While therefore there remains an argument open in principle that a CFA incorporates extraneous terms, it would seem that compelling facts pointing to such incorporation would be needed.
Estoppel by Convention
The Judge concluded that in any event there was an estoppel by convention operating so as to prevent the Solicitor from relying on the wording of the CFA. There had been a shared understanding, clear from the emails and other evidence, which it was unconscionable for the Solicitor to resile from.
Decision of CA
The CA Upheld that conclusion, although only just; Briggs LJ was much less certain than Hamblen LJ, and it may be that the outcome turned on the absence of a third panel member!
The Court approved the summary in Chitty (32nd ed. at 4-108):-
"Estoppel by convention may arise where both parties to a transaction "act on assumed state of facts or law, the assumption being either shared by both or made by one and acquiesced in by the other." The parties are then precluded from denying the truth of that assumption, if it would be unjust or unconscionable (typically because the party claiming the benefit has been "materially influenced" by the common assumption) to allow them (or one of them) to go back on it."

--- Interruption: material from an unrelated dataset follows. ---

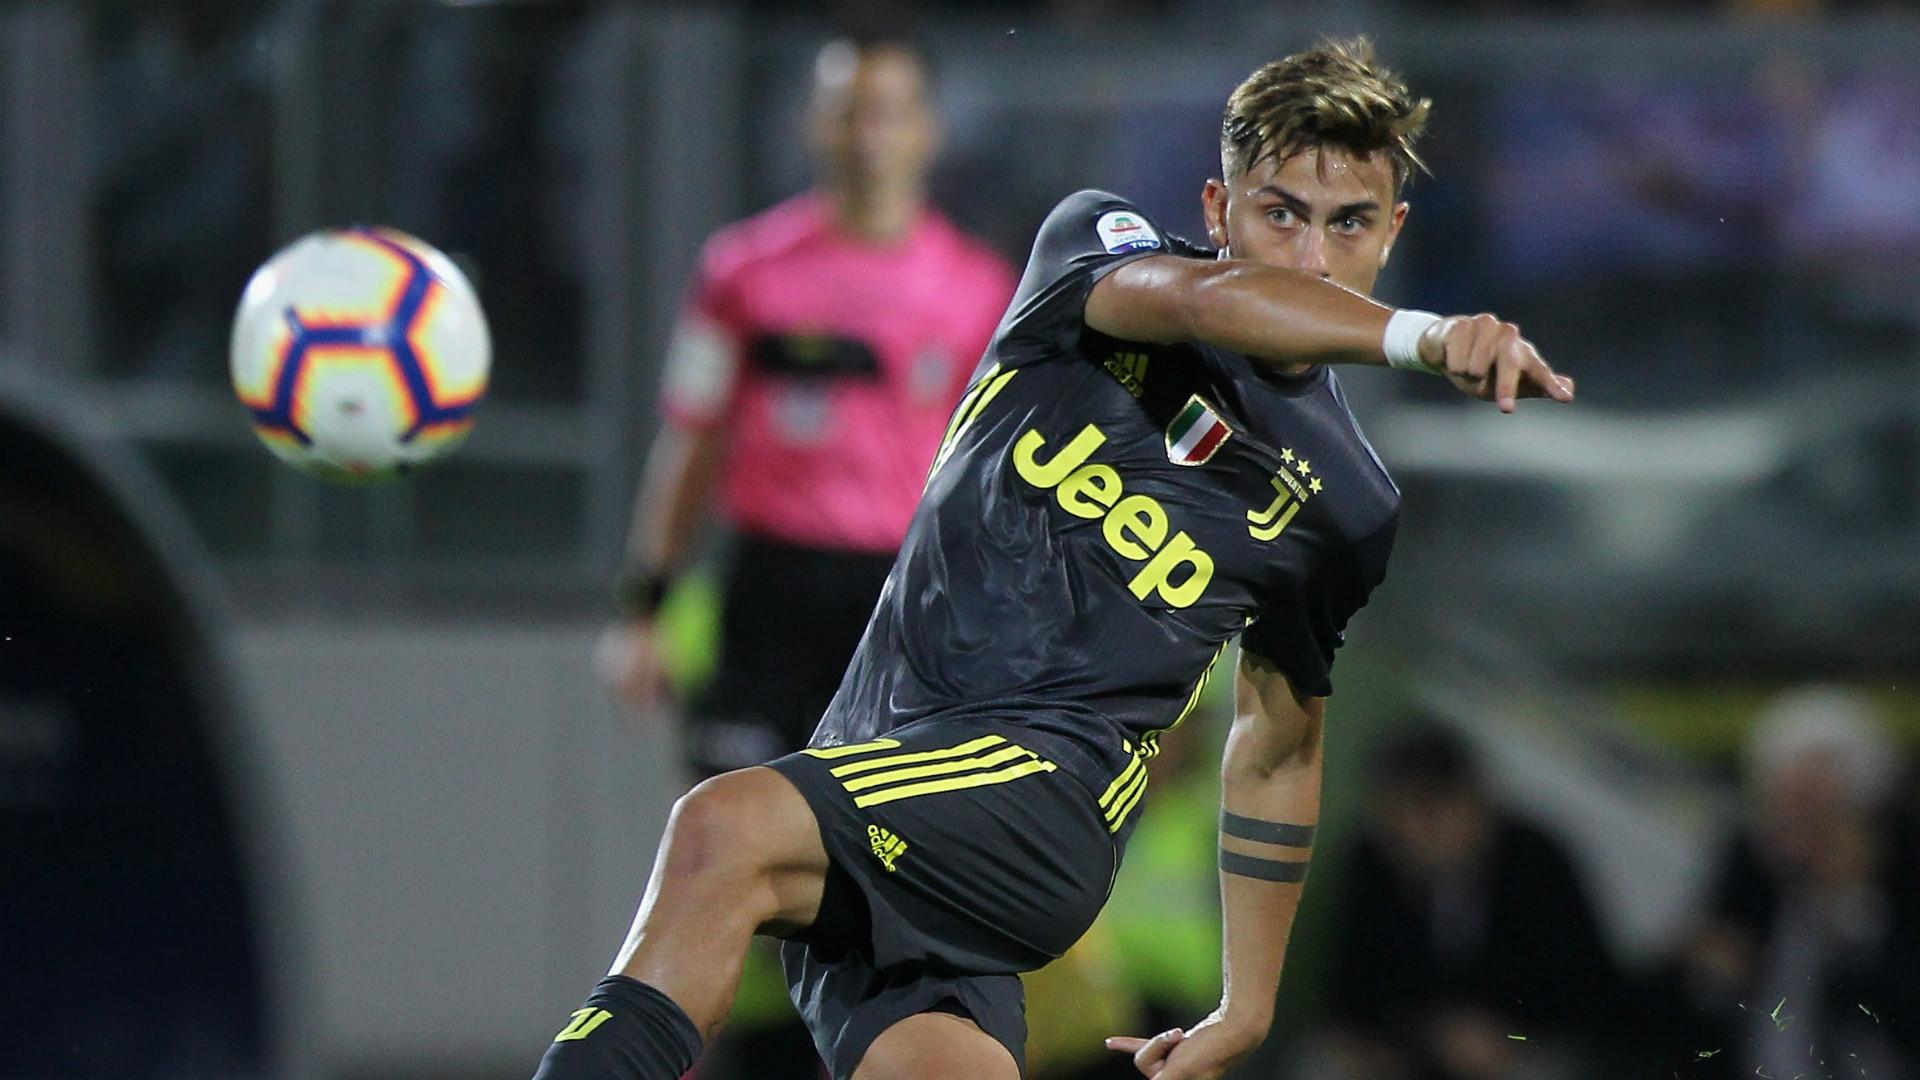 Dybala Frosinone Juventus

The CA accepted only post-CFA exchanges which crossed the line between the parties were relevant. Strictly speaking therefore the 2006 exchanges were not.
The Solicitor's argument was that the later exchanges were equally consistent with both parties being confident that there would be substantial recoveries, and that the Solicitor's conduct reflected no more than a willingness to await recoveries in the interest of good client relations. As noted above, this is not at all uncommon and has some ring of truth to it.
The Solicitor's problem however, was that the Judge had heard the partner cross examined and had rejected that account of the written exchanges and events post-CFA (including those summarised above). The CA could not conclude that he had been wrong to do so.
The key finding in relation to reliance and unconscionability was that the Solicitor knewall along (including from the 2006 emails) that the Client would never have instructed him, other than on a recoveries basis. There was therefore clear reliance by the Client on the understanding, and it was unconscionable for the Solicitor to later seek to rely on the literal terms of the CFA.
There is a salutary warning here for any solicitor conducting a claim on a CFA. While it may be good business to be flexible about payment, it is important not to lose contractual rights. There are at least three obvious solutions; (1) to ensure the client understands the terms of the CFA in the first place, (2) to be clear in client communications regarding fee forbearance that they are without prejudice to your rights under the CFA, and (3) to include suitable entire agreement and anti-waiver provisions in the CFA.
Undue Influence and Breach of Duty
For good measure the Judge upheld the Client's argument that in failing expressly to draw the changed nature of the Client's liability under the CFA to his attention, given the different terms to those agreed in 2006 for the general retainer, the CFA had been entered pursuant to presumed undue influence (and presumably was therefore voidable), and/or any additional liability of the Client arose from an actionable breach of common law or fiduciary duty by the Client.
The CA did not deal with these points as it was unnecessary. However Briggs LJ had "considerable reservations about them". It would therefore seem unwise to place too much weight on these additional conclusions, which probably turn largely on the facts in any event.
The content of this article is intended to provide a general guide to the subject matter. Specialist advice should be sought about your specific circumstances.